What Is Asthma?
Asthma is a disease that affects your lungs.It causes repeated episodes of wheezing, breathlessness, chest tightness, and nighttime or early morning coughing. Asthma can be controlled by taking medicine and avoiding the triggers that can cause an attack. You must also remove the triggers in your environment that can make your asthma worse.
It is one of the most common long-term diseases of children, but adults can have asthma, too. If you have asthma, you have it all the time, but you will have asthma attacks only when something bothers your lungs.
Asthma causes wheezing, breathlessness, chest tightness, and coughing at night or early in the morning.We don’t know all the things that can cause asthma, but we do know that genetic, environmental, and occupational factors have been linked to developing asthma.
If someone in your immediate family has asthma, you are more likely to have it. “Atopy,” the genetic tendency to develop an allergic disease, can play a big part in developing allergic asthma. However, not all asthma is allergic asthma.
Being exposed to things in the environment, like mold or dampness, some allergens such as dust mites, and secondhand tobacco smoke have been linked to developing asthma. Air pollution and viral lung infection may also lead to asthma.
Occupational asthma occurs when someone who never had asthma develops it because he or she is exposed to something at work. This can happen if you develop an allergy to something at work such as mold or if you are exposed to irritants such as wood dust or chemicals at work over and over at lower levels or all at once at higher levels.
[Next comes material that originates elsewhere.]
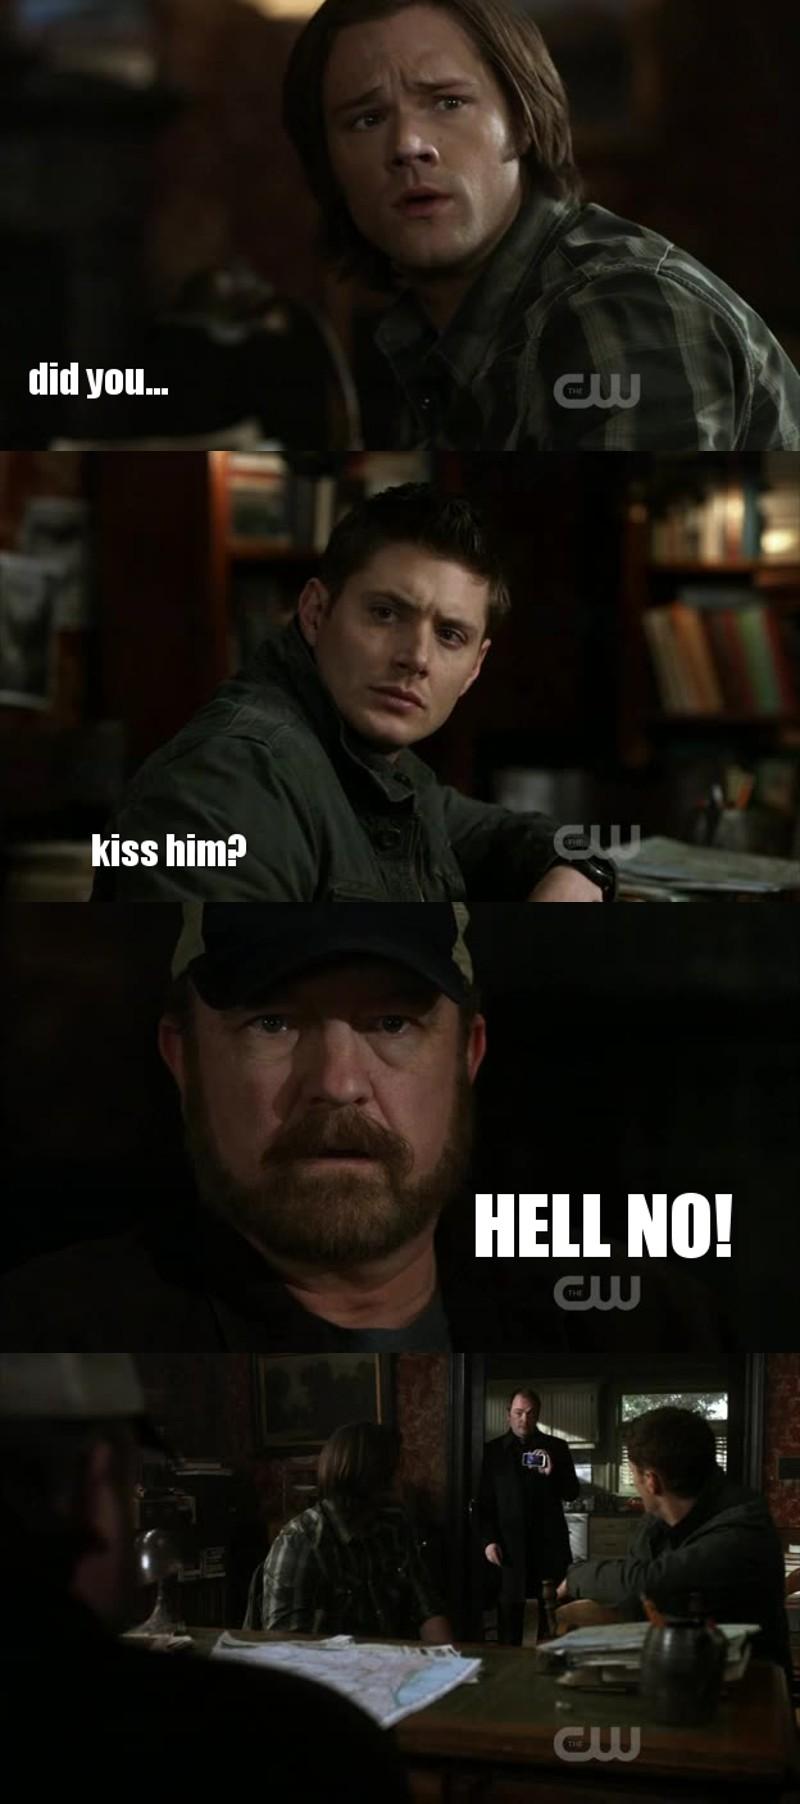 hahaha 😂

An asthma attack may include coughing, chest tightness, wheezing, and trouble breathing. The attack happens in your body’s airways, which are the paths that carry air to your lungs. As the air moves through your lungs, the airways become smaller, like the branches of a tree are smaller than the tree trunk. During an asthma attack, the sides of the airways in your lungs swell and the airways shrink. Less air gets in and out of your lungs, and mucous that your body makes clogs up the airways.
You can control your asthma by knowing the warning signs of an asthma attack, staying away from things that cause an attack, and following your doctor’s advice. When you control your asthma:
you won’t have symptoms such as wheezing or coughing,
you’ll sleep better,
you won’t miss work or school,
you can take part in all physical activities, and
you won’t have to go to the hospital.
What Causes an Asthma Attack?
An asthma attack can happen when you are exposed to “asthma triggers.” Your asthma triggers can be very different from someone else’s asthma triggers. Know your triggers and learn how to avoid them. Watch out for an attack when you can’t avoid your triggers. Some of the most common triggers are tobacco smoke, dust mites, outdoor air pollution, cockroach allergen, pets, mold, smoke from burning wood or grass, and infections like flu.
Types of asthma
Asthma is broken down into types based on the cause and the severity of symptoms. Healthcare providers identify asthma as:
Intermittent: This type of asthma comes and goes so you can feel normal in between asthma flares.
Persistent: Persistent asthma means you have symptoms much of the time. Symptoms can be mild, moderate or severe. Healthcare providers base asthma severity on how often you have symptoms. They also consider how well you can do things during an attack.
How Is Asthma Classified?
Doctors rank how bad asthma is by its symptoms:
Mild intermittent asthma. Mild symptoms less than twice a week. Nighttime symptoms less than twice a month. Few asthma attacks.
Mild persistent asthma. Symptoms three to six times a week. Nighttime symptoms three to four times a month. Asthma attacks might affect activities.
Moderate persistent asthma. Daily asthma symptoms. Nighttime attacks five or more times a month. Symptoms may affect activities.
Severe persistent asthma. Ongoing symptoms both day and night. You have to limit your activities.